О детстве и юности героини данного повествования нам мало что известно.  Есть сообщения,  что Даниель-бек, бывший в свое время генерал-майором на службе у России,  дал своей дочери блестящее по тем временам образование.  Какое образование получили, и на каком языке обучались дети Даниель-бека, неизвестно. Судя по всему,  Каримат обучалась тюркскому и арабскому языкам. Даже в книге Лесли Бланш не говорится о том, что Каримат знала русский язык.  (Это-  важная деталь.  Вернемся к нему   чуть ниже. Ф.Д)

Смерть ее в далекой Калуге была трагедией для семьи имама. Первой трагедией в почетном плену. После нее еще двое членов семьи имама умрут там же, в Калуге, от чахотки. Промозглый климат и жизнь в затворничестве, в котором находились члены семьи имама, были причиною их смерти.  Но почему-то с именем Каримат,  вернее, с фактом ее гибели связаны всевозможные слухи и кривотолки. Во всех исторических трудах, которые, кстати, датируются более чем полувековой давностью после ее (Каримат) смерти, с российской стороны, разумеется, стали появляться всяческие домыслы о том, что имам де, из-за вражды с Даниель-беком жестоко стал обращаться с дочерью своего врага, со своей невесткой.

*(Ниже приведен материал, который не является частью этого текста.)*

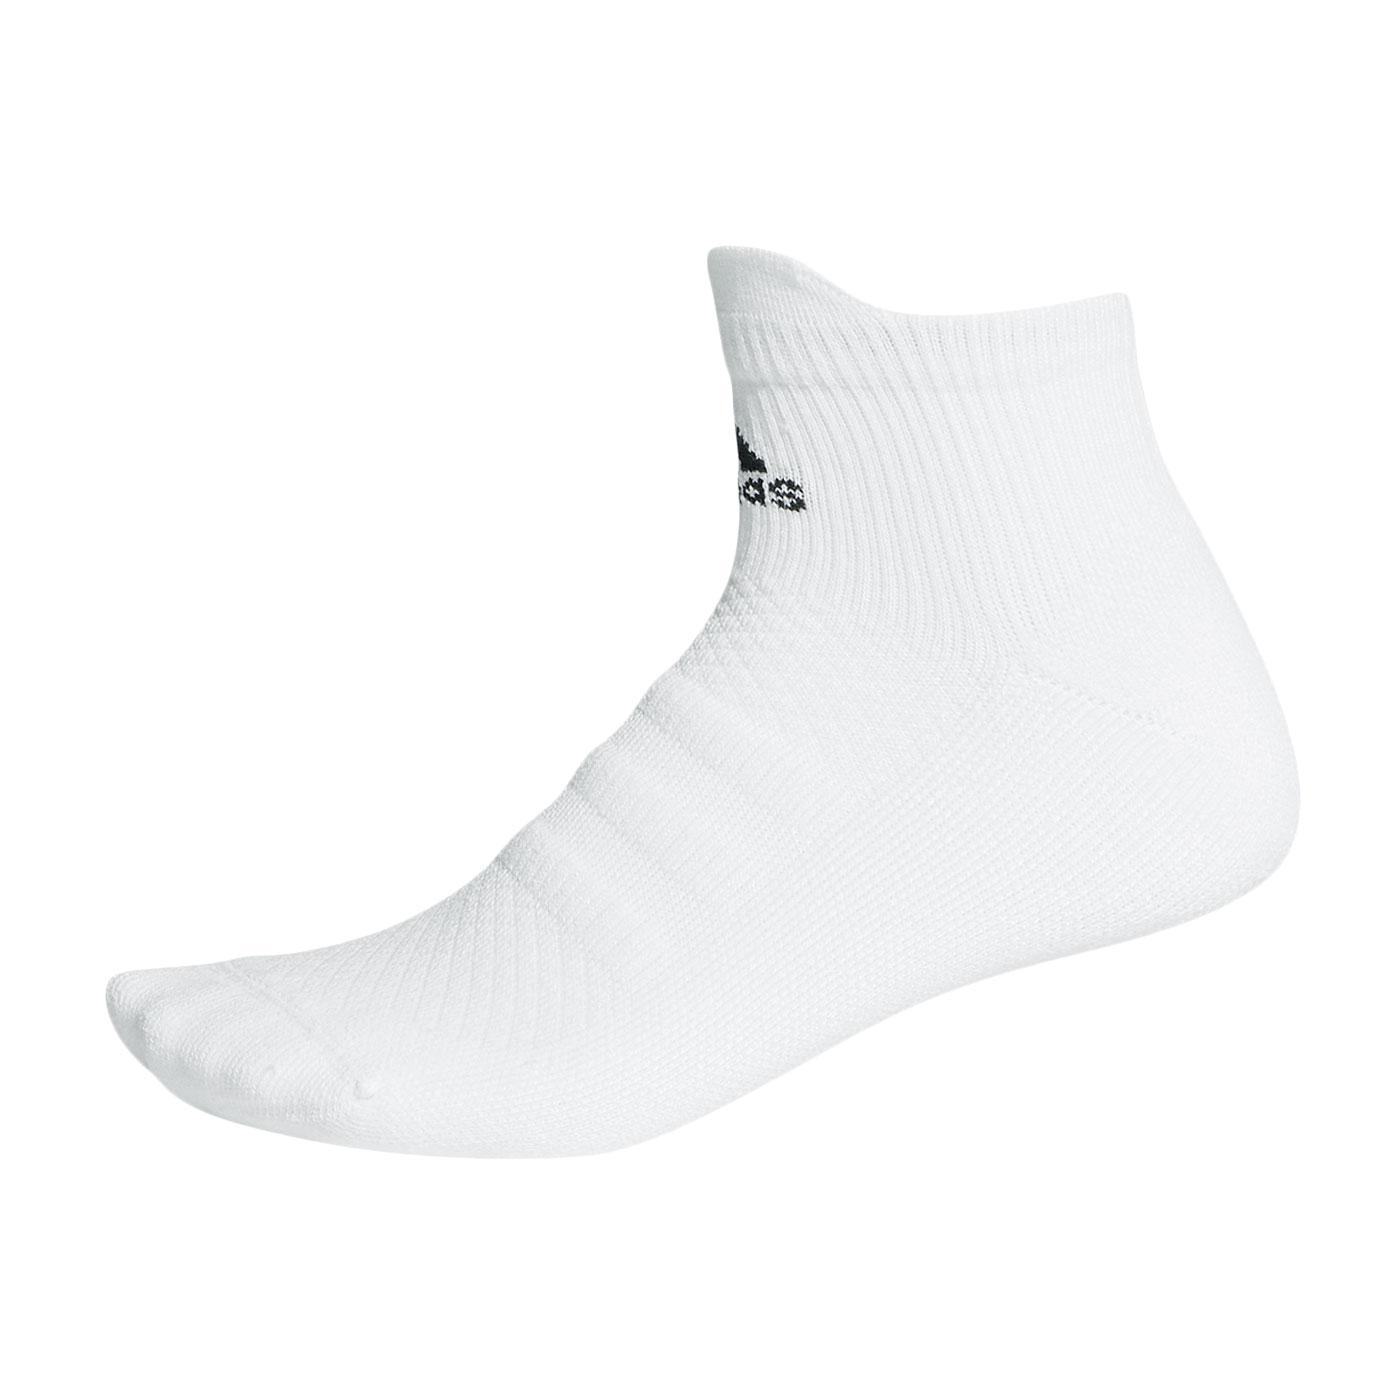 ADIDAS 襪子 FK0961

На свет божий появились письма, якобы написанные Каримат, и каким-то образом неопубликованные ни при ее жизни, ни при жизни имама, а гораздо позже.   Поводом  всем этим домыслам послужили трения, возникшие между имамом и его бывшим соратником Даниель-беком, после добровольной сдачи селения Ириб, наибом которого был Даниель-бек. Речь шла о некоей казне имама, которую якобы присвоил себе Даниель-бек.  И  якобы имам ненависть к своему свату обратил против своей невестки.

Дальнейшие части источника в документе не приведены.